Well firstly it's not a real nobel prize.
http://en.wikipedia.org/wiki/Bank_of_Sweden_Prize_in_Economic_Sciences_in_Memory_of_Alfred_Nobel

Secondly, have you seen what they win for? The latest two guys Finn Kydland and Edward Prescott, won "for their contributions to dynamic macroeconomics: the time consistency of economic policy and the driving forces behind business cycles". A.k.a. Statistics compiling and then writing a big speech.

It's ridiculous.
 
  • #15
loseyourname said:
I'm not sure how you can say that academic economics has failed the world when no government on the planet will actually implement their recommended policies. Who knows whether or not they would work?
As far as I'm aware they've never agreed on anything long enough to have "recommended policies".

By the way, don't you think it's a little hyperbolic to say that economic problems have never been as pressing as right now? We're living in what? The second most prosperous decade in the history of the planet? Aside from the 90s, when exactly was the economy any better than now?
Which economy, exactly, are you referring to?
 
  • #16
Smurf said:
As far as I'm aware they've never agreed on anything long enough to have "recommended policies".

Maybe not a concensus, but when has any government implemented the recommended policies of any academic economist at all? Basically, I just can't see how you blame them for not fixing problems when it isn't their job to fix economic problems. That is the job of politicians and individual business owners/investors.

Which economy, exactly, are you referring to?

GWP per capita, if you can call it that. How many times in the history of the planet has it ever been higher than now? For that matter, how many times has poverty ever been lower? (Percentage-wise, obviously - it's going to be much higher in absolute terms because there are so many more people around these days.)

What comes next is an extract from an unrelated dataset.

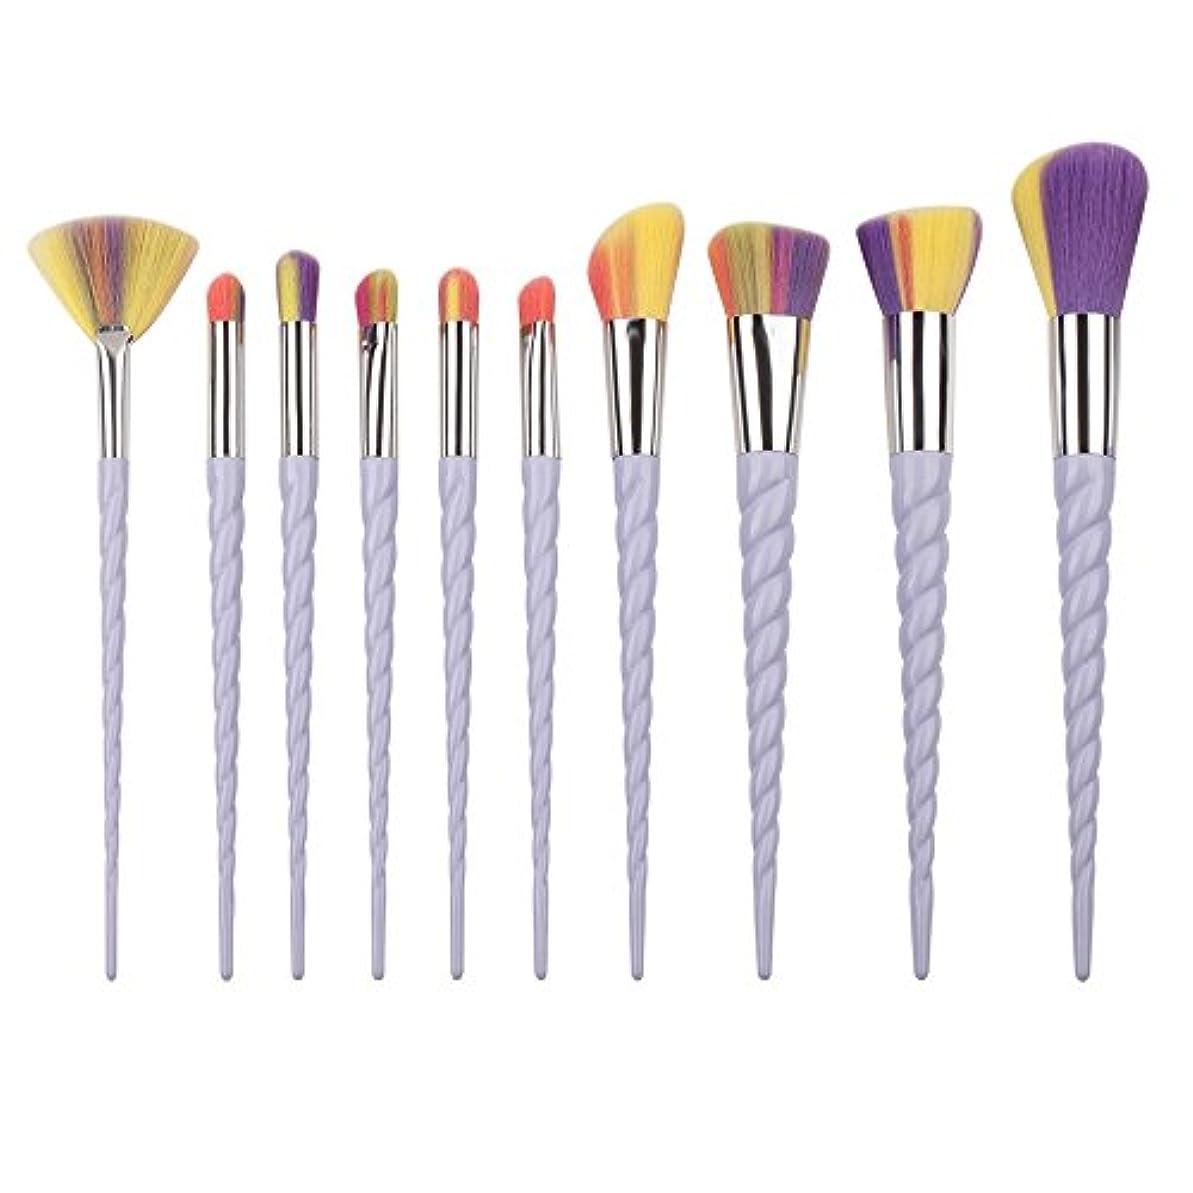 カウンタペスト蜂Dilla Beauty 10本セットユニコーンデザインプラスチックハンドル形状メイクブラシセット合成毛ファンデーションブラシアイシャドーブラッシャー美容ツール (ホワイト-3)

Look, I'm not trying to say we're in Wonderland here, but can't you at least agree that it's a tad bit hyperbolic to say that economic problems "have never been so pressing as now?" Are they really worse now than during pre-classical times? The entire medieval period? The Great Depression? What did the average person have in 1933, 1610, 1020, or 1500 BC that he doesn't have today? The only thing I can think of is a lot more open space, and overpopulation isn't a problem that is going to be solved by economists, no matter how innovative they may be.
 
  • #17
loseyourname said:
I'm not sure how you can say that academic economics has failed the world when no government on the planet will actually implement their recommended policies. Who knows whether or not they would work?

By the way, don't you think it's a little hyperbolic to say that economic problems have never been as pressing as right now? We're living in what? The second most prosperous decade in the history of the planet? Aside from the 90s, when exactly was the economy any better than now?

Again, the main research work and the stuff that's being taught at graduate programs is completely theoretically, disconneted to the real world and simply not useable for implementation in the real world. The job for a good economist is to come up with good and implementable police advice. Shock therapies, austerity measures while people living on one dollar are not. What you got is students from those silly Ph.d. programs all over the institutions (World bank, IMF, economic advisory boards) but they constantly fail the reality check.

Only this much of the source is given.